Я не говорю о разрывах межпальцевых промежутков, о переломах и вывихах костей пясти, о переломе локтевого отростка, даже о переломах ребер, вызвавших пневмоторакс и гемоторакс (сколько же дней потом я слышала эти слова, и как хорошо успела понять их страшное значение, бывшее до сей поры для меня пустым). Черепно-мозговая травма, вот что было хуже. Еще слова-страшилки: гематома, субдуральное кровотечение…
Я видела это не только в кино. Да и слышала это своими ушами, в реанимобиле, куда просочилась вслед за медиками, махнувшими на меня рукой («главное, не мешайте нам, девушка, скорее, скорее»): «Разряд! Не отвечает… Давай выше! Еще разряд… Нет его, нет ритма. Федя, давай семь тысяч, не ссы, прорвемся, Федя… Разряд!!! Есть, Федя, ритм синусовый… работает!».
Это называется – клиническая смерть. Далеко уходил-убегал от меня любимый, я же, вжавшись в кресло, намертво вцеплялась пальцами в обивку, и молила, молила, но не Господа, а самого Сашку: «Вернись ко мне, пожалуйста, только вернись. Возвращайся, Саша, мне без тебя – никак»…
В какое-то мгновение, когда Саша уходил, я, верно, потеряла сознание. Было мне видение невероятной яркости. Девять воинов в пылающих одеждах, и это не только о цвете говорится… Одежда восьмерых и впрямь пурпурно-красного цвета, но она горела на них, и пахло паленым мясом, потому что сгорала их плоть, и шли они ко мне, вздымая мечи над головой. Шли, несмотря на боль. Они окружили меня, они подняли мечи и скрестили их надо мной, образуя шатёр. Лица их были мне родными: я узнавала седины и улыбку одного, явно бывшего старшим над ними, и он был в белом, но всё равно пылал… круглые упитанные щеки другого, слепые, прикрытые веками глазницы третьего…
Они скрестили мечи в знак защиты надо мною, мне стало спокойно, уютно…
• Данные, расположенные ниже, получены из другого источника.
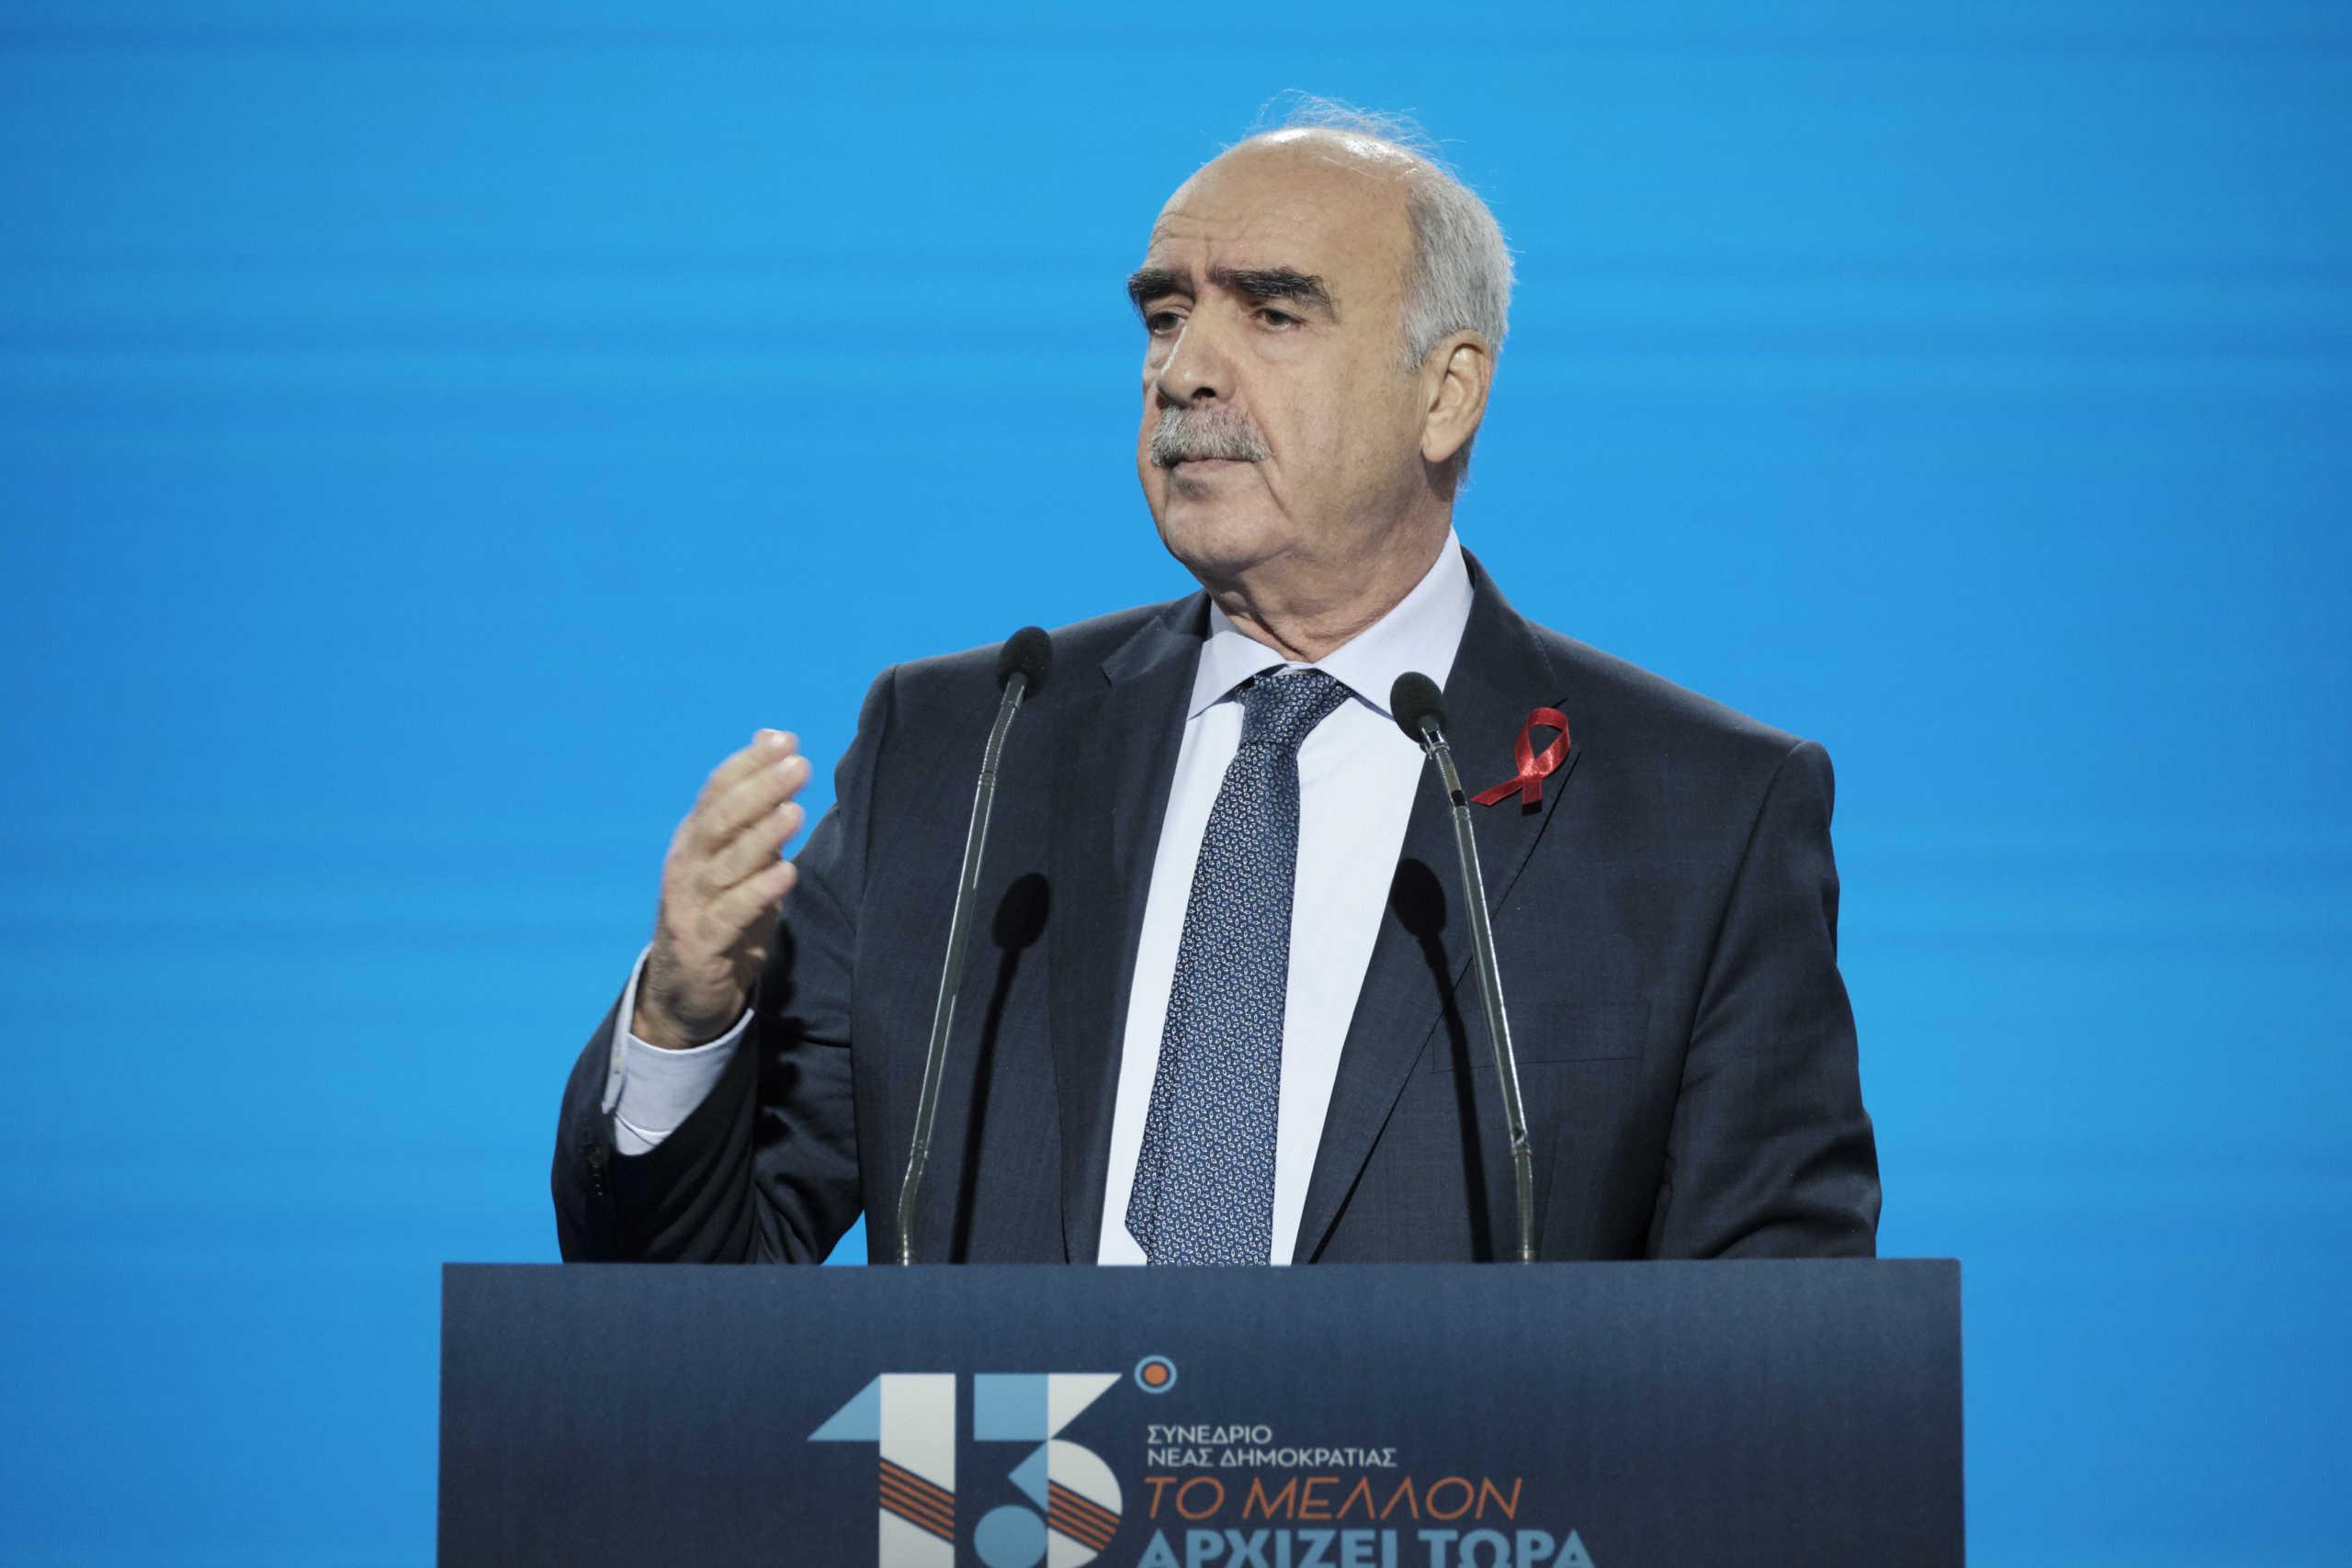 Το ΕΛΚ καταδικάζει τις ενέργειες της Τουρκίας και στηρίζει την Ελλάδα

– Ну, смотри, Федя, вытащили, кажется. Может, ещё поживёт. Мы с тобой, Федя, молодцы. Мы, Федя, просто красавцы с тобою…
02. Саша выжил!
Помню тот день и час, когда он вернулся. И вовсе не день, – а час ночи уже. Верочка, сестра, пустила меня к мужу после очередного обхода сердитого Николая Николаевича; до следующего теперь, если ничего не случится, часов пять. Реаниматологи тоже люди, и хоть у недоброго доктора нет права сна, но он все же спит, раздав поручения сестрам, под предлогом работы с историями болезни в своем кабинете.
Я держала мужа за руку, сидя на стуле рядом, который мне выделила жалостливая Верочка. Десятый день после нейрохирургической операции, пора бы и проснуться.
Смотрела на дорогое лицо, черты которого обострились до предела. Уже ни о чём не просила, по крайней мере, вслух. Вспоминала прошлое без края и конца, грезила почти. Вот таким я увидела Сашу в первый раз. А в другой, когда мы поцеловались, вот этаким. А когда я, обессиленная, раздавленная и уничтоженная приговором врачей о бесплодии моем, не хотела смотреть в его глаза, он силой удержал мое лицо в ладонях. «Мы справимся», – сказал он твердо. Так сказал, что я поверила. Не знаю, как, но выход мы найдем. Пока муж рядом, все обойдется….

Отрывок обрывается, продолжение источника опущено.